By way of background, the U.S. Department of Labor and the courts uniformly have held since the 1980’s that severance pay benefits are covered by ERISA if the severance benefits are provided pursuant to a “plan, fund or program.” Under the test most commonly applied by the courts including the District Court here, a “plan, fund or program” will be established for purposes of ERISA if, from the surrounding circumstances, a reasonable person can ascertain (1) the intended benefits, (2) a class of beneficiaries, (3) the source of financing, and (4) procedures for receiving benefits.  The courts have applied these factors to find that the existence of an ERISA plan can be established from written guidelines set forth in internal policy statements or corporate manuals or by descriptions in employee handbooks or from an employer’s consistent past practice of awarding severance benefits to involuntarily terminated employees.

But to make the determination more confusing, the Supreme Court has added the requirement that a plan, fund or program subject to ERISA will not exist unless it is necessary to establish an “administrative scheme” to provide the benefits.
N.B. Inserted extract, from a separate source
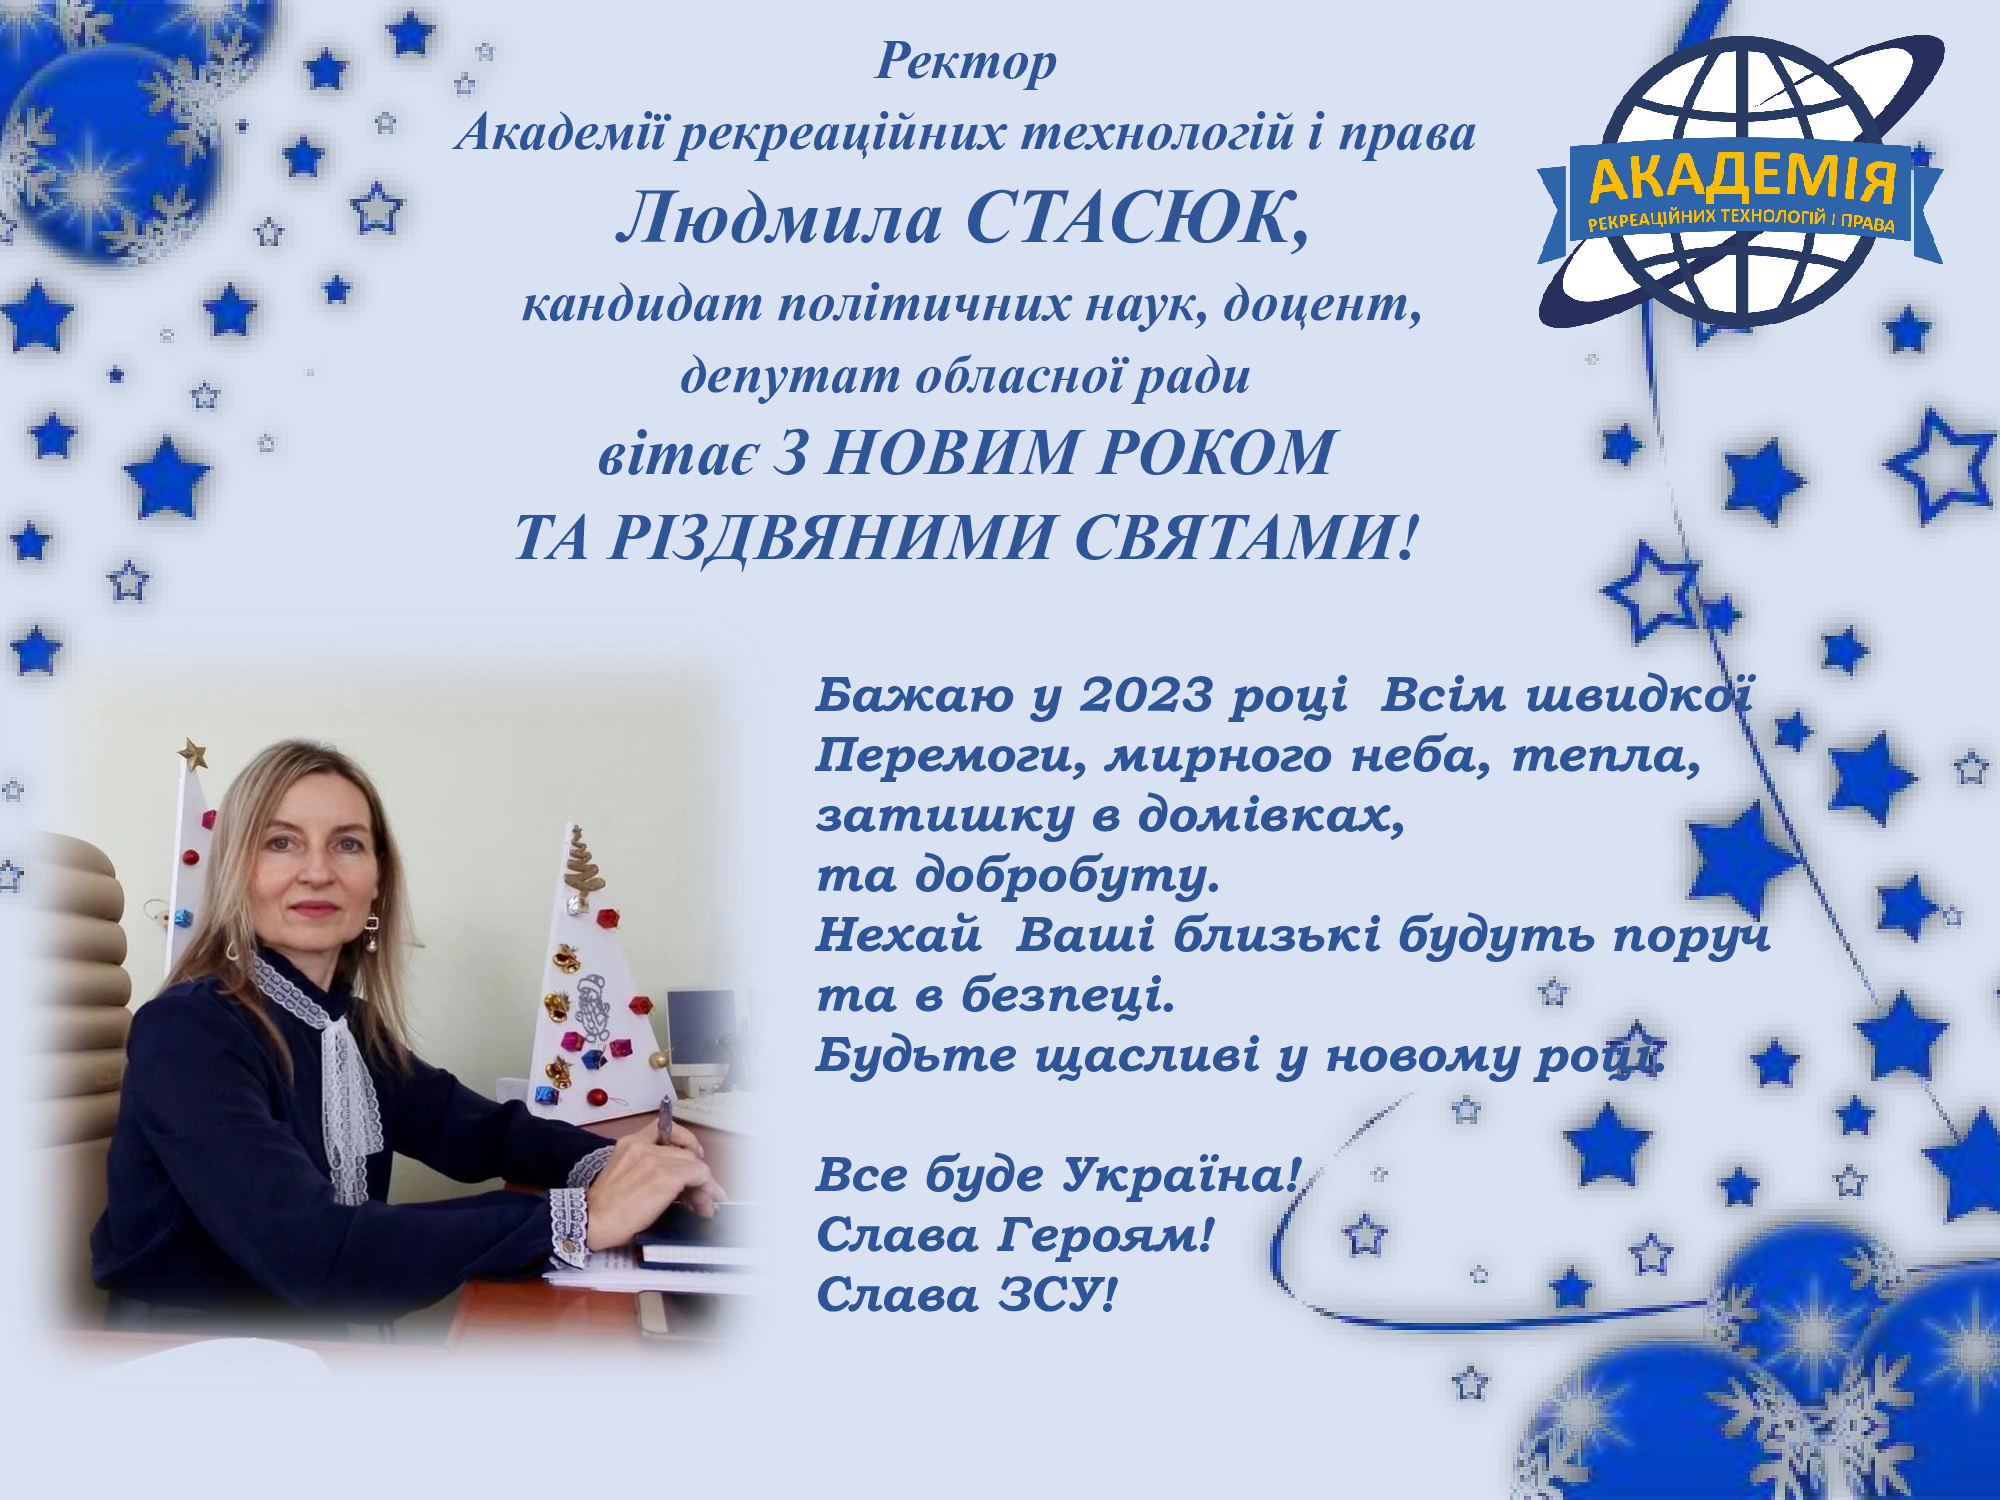 Ректор Академії Людмила Стасюк вітає з Новорічними святами

Fort Halifax Packing Co. v. Coyne, 482 U.S. 1 (1987).  The court decisions understandably have not established a hard and fast rule regarding how much administration is too much.

Interestingly, the District Court found that Quest had established a separate administrative scheme to determine both eligibility for and the type of VSA benefits that might be offered to an employee. However, the District Court found that having an administrative scheme by itself did not establish an informal ERISA-covered severance plan.  Applying the factors described above for determining whether a “plan, fund or program” existed, the Court found that a reasonable person could not determine the class of intended beneficiaries, the intended benefits or the process to request VSA benefits.  Accordingly, Quest did not create an informal ERISA plan.  (Note that the VSA benefits at issue were separate from the benefits provided by Quest under its ERISA-covered severance pay plan).

COMMENT: It is important to note that the application of ERISA to severance pay benefits is more favorable to employers than state law:

  • An employer may design a severance plan under ERISA that specifically provides the employer with the discretion to make determinations that affect an employee’s eligibility for benefits. Further, a deviation from a plan’s written terms for particular individuals does not prohibit the employer from again applying the written terms to other individuals.

  • A participant who sues for benefits is entitled only to the actual benefits – unlike state law, ERISA does not permit consequential or punitive damages or provide for tort remedies. (In egregious cases, a court may award attorney’s fees.)

  • ERISA does not provide for jury trials and claims for benefits may be removed to federal court.

  • If a severance plan is properly drafted, company decisions will be reviewed by a court only to determine whether the decision is “arbitrary and capricious” (or an “abuse of discretion”).